Your goal: What you return should be the complete data below, word for word, with no pictures in it.

Recorded information:
+++

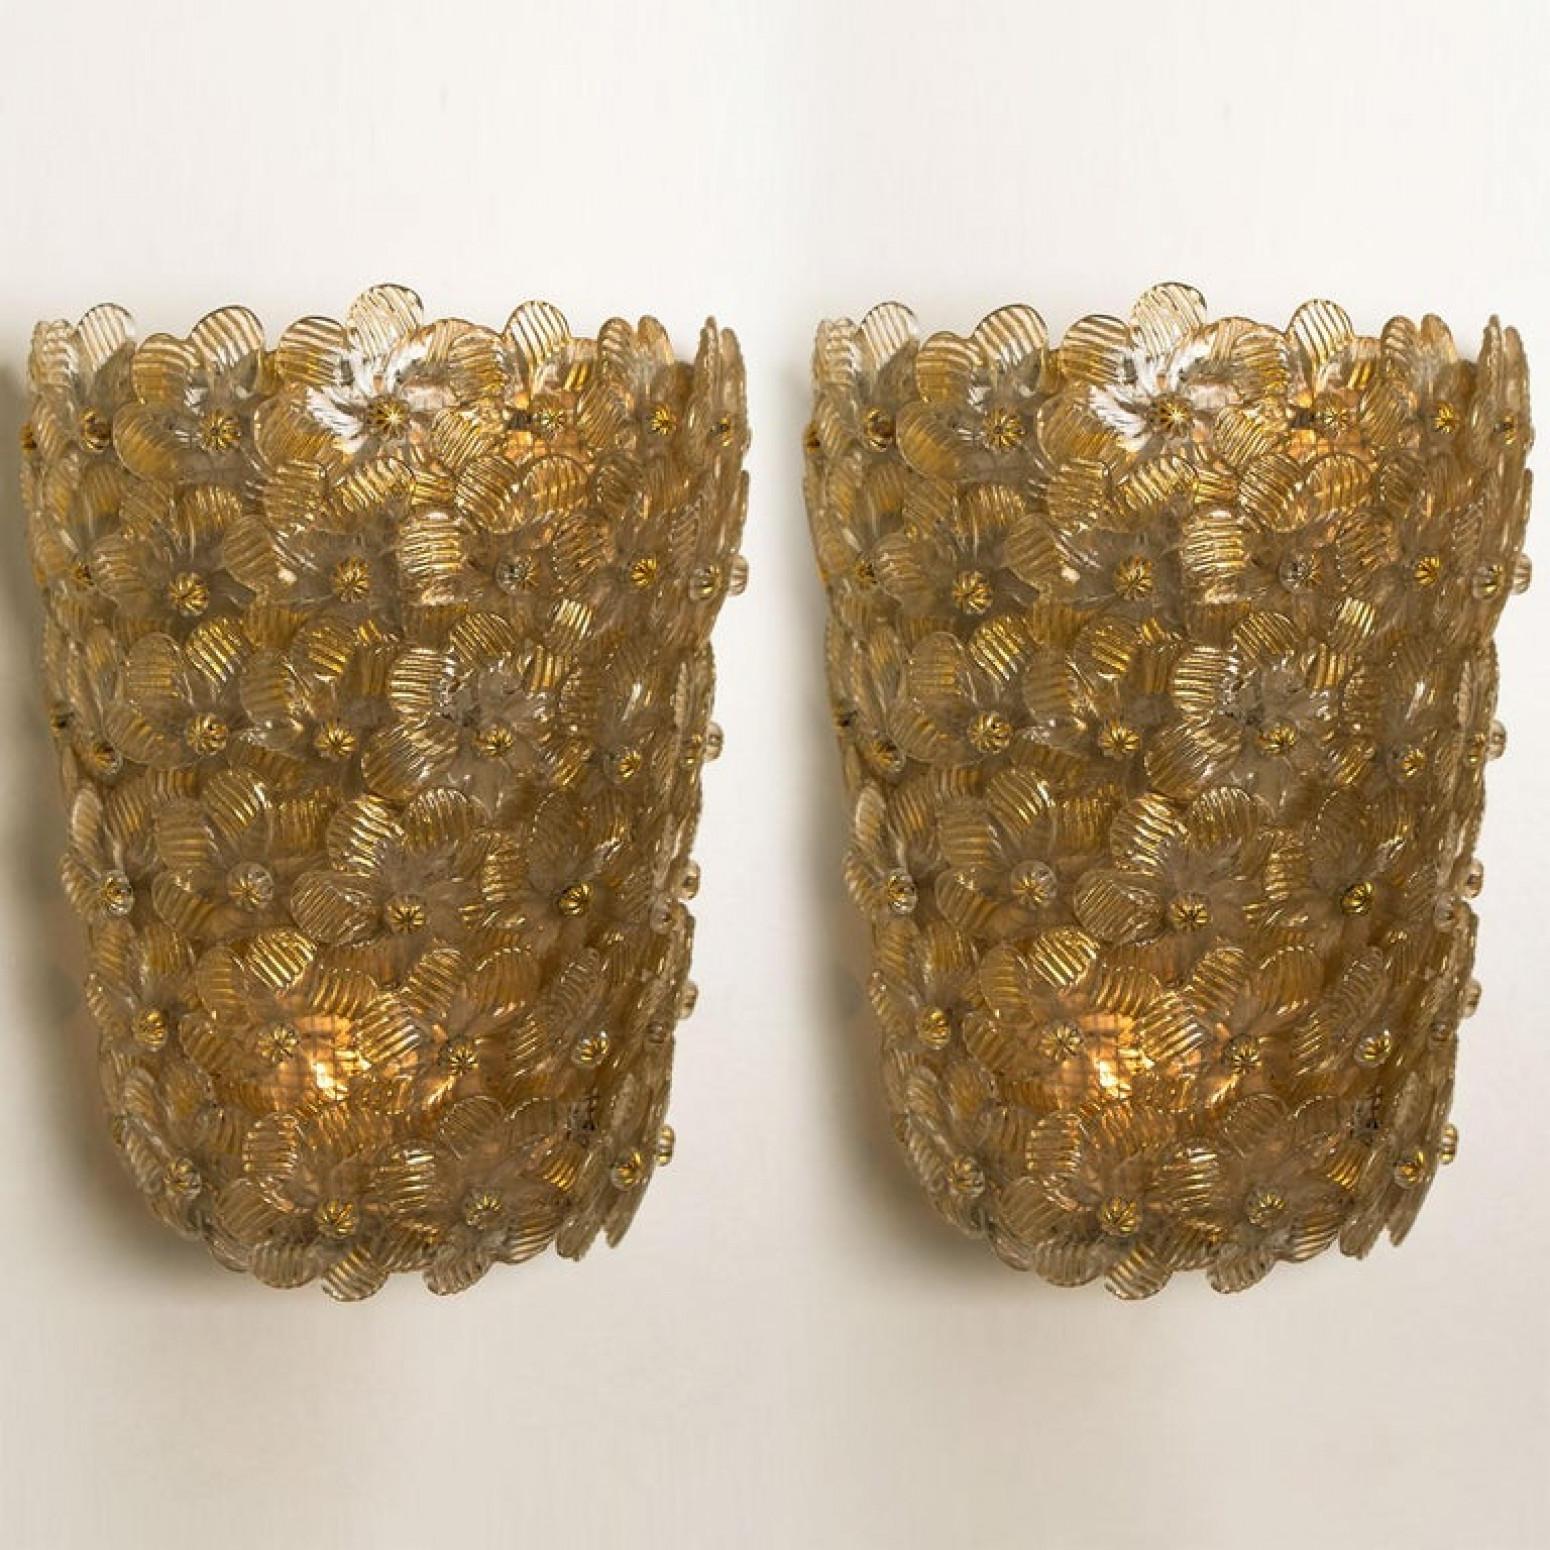 Italian Pair of Flower Light Fixtures by Barovier & Toso, Murano, 1990s For Sale
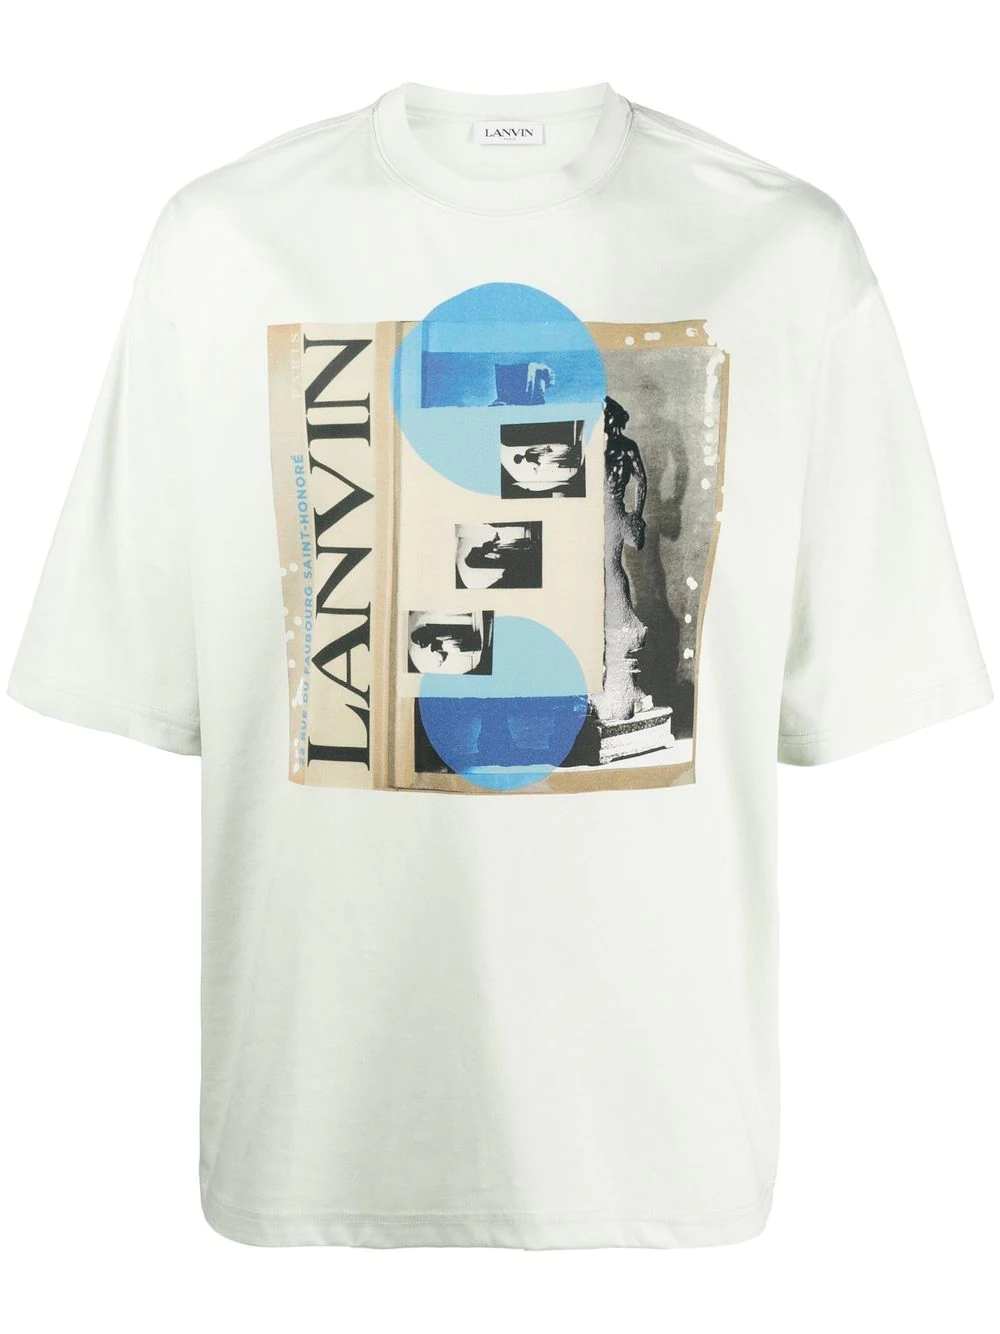 LANVIN SHORT-SLEEVED T-SHIRT WITH GRAPHIC PRINT
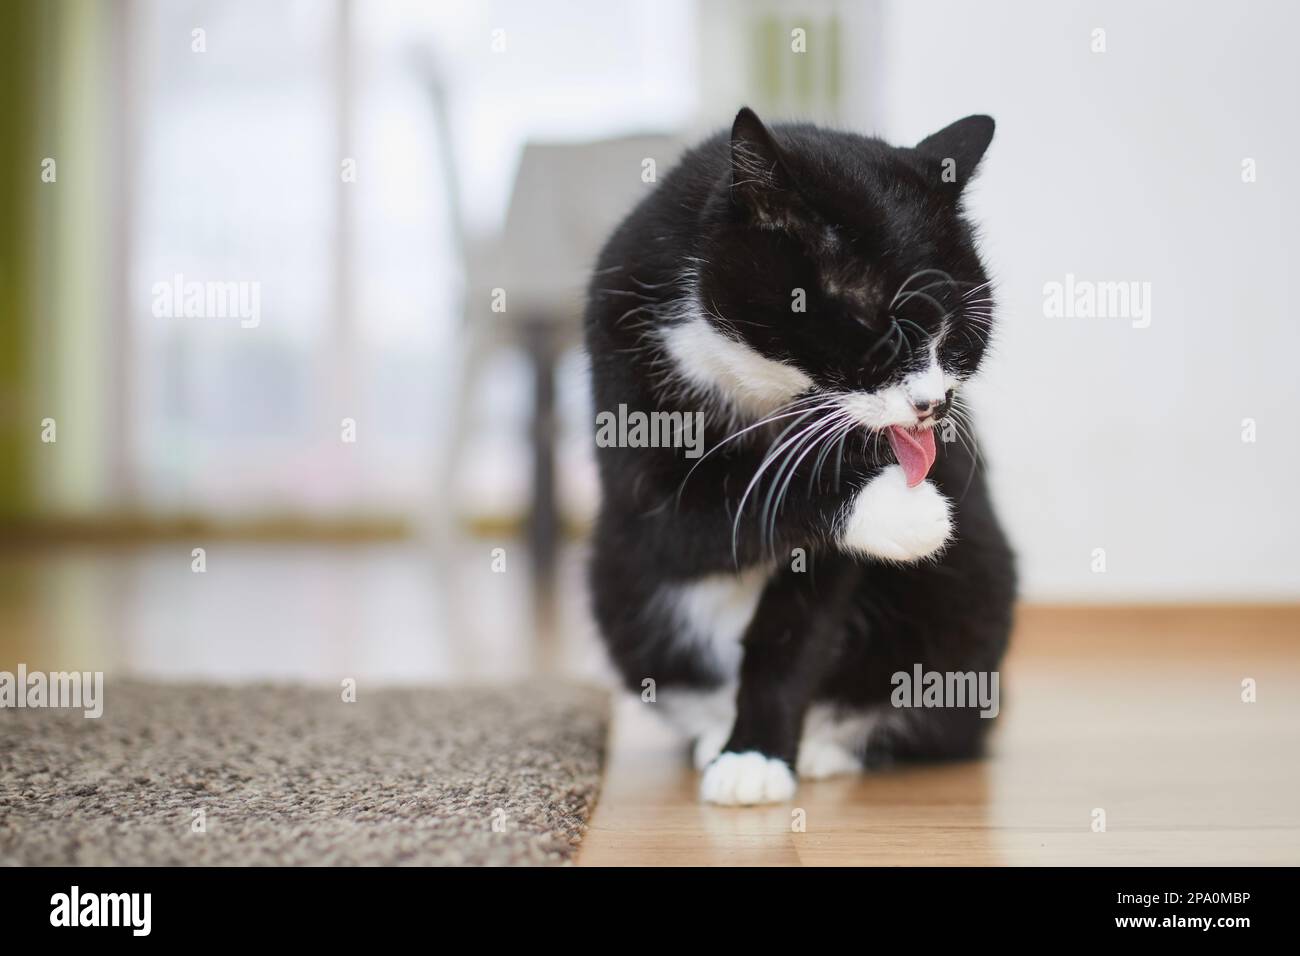 Domestic life with pet. Cute black cat is licking paw on floor at home. Stock Photo
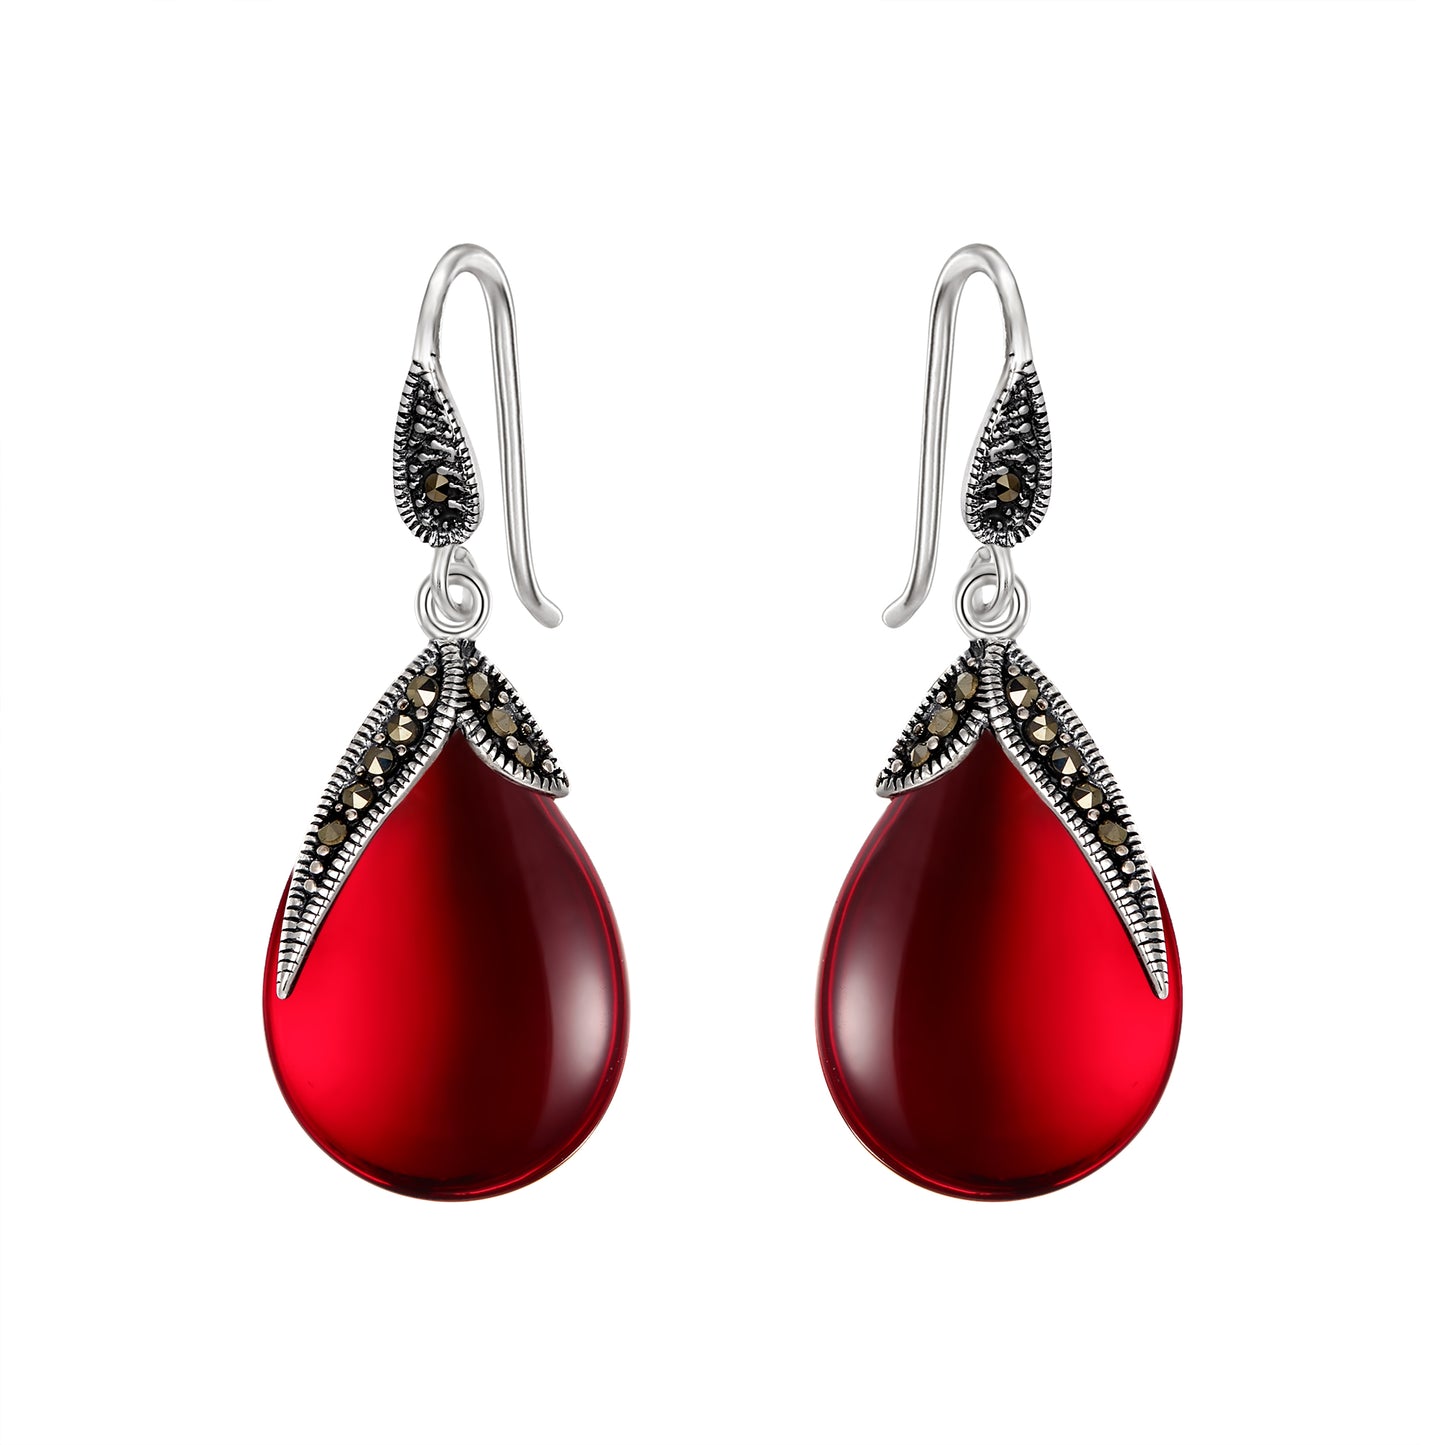 12825 EVER FAITH Teardrop Dangle Earrings, 925 Sterling Silver Synthetic Red Corundum Retro Double Leaf Gemstone Crystal Jewelry for Women

+++

Your response:
 Italian Pair of Flower Light Fixtures by Barovier & Toso, Murano, 1990s For Sale
 LANVIN SHORT-SLEEVED T-SHIRT WITH GRAPHIC PRINT
 Domestic life with pet. Cute black cat is licking paw on floor at home. Stock Photo
 12825 EVER FAITH Teardrop Dangle Earrings, 925 Sterling Silver Synthetic Red Corundum Retro Double Leaf Gemstone Crystal Jewelry for Women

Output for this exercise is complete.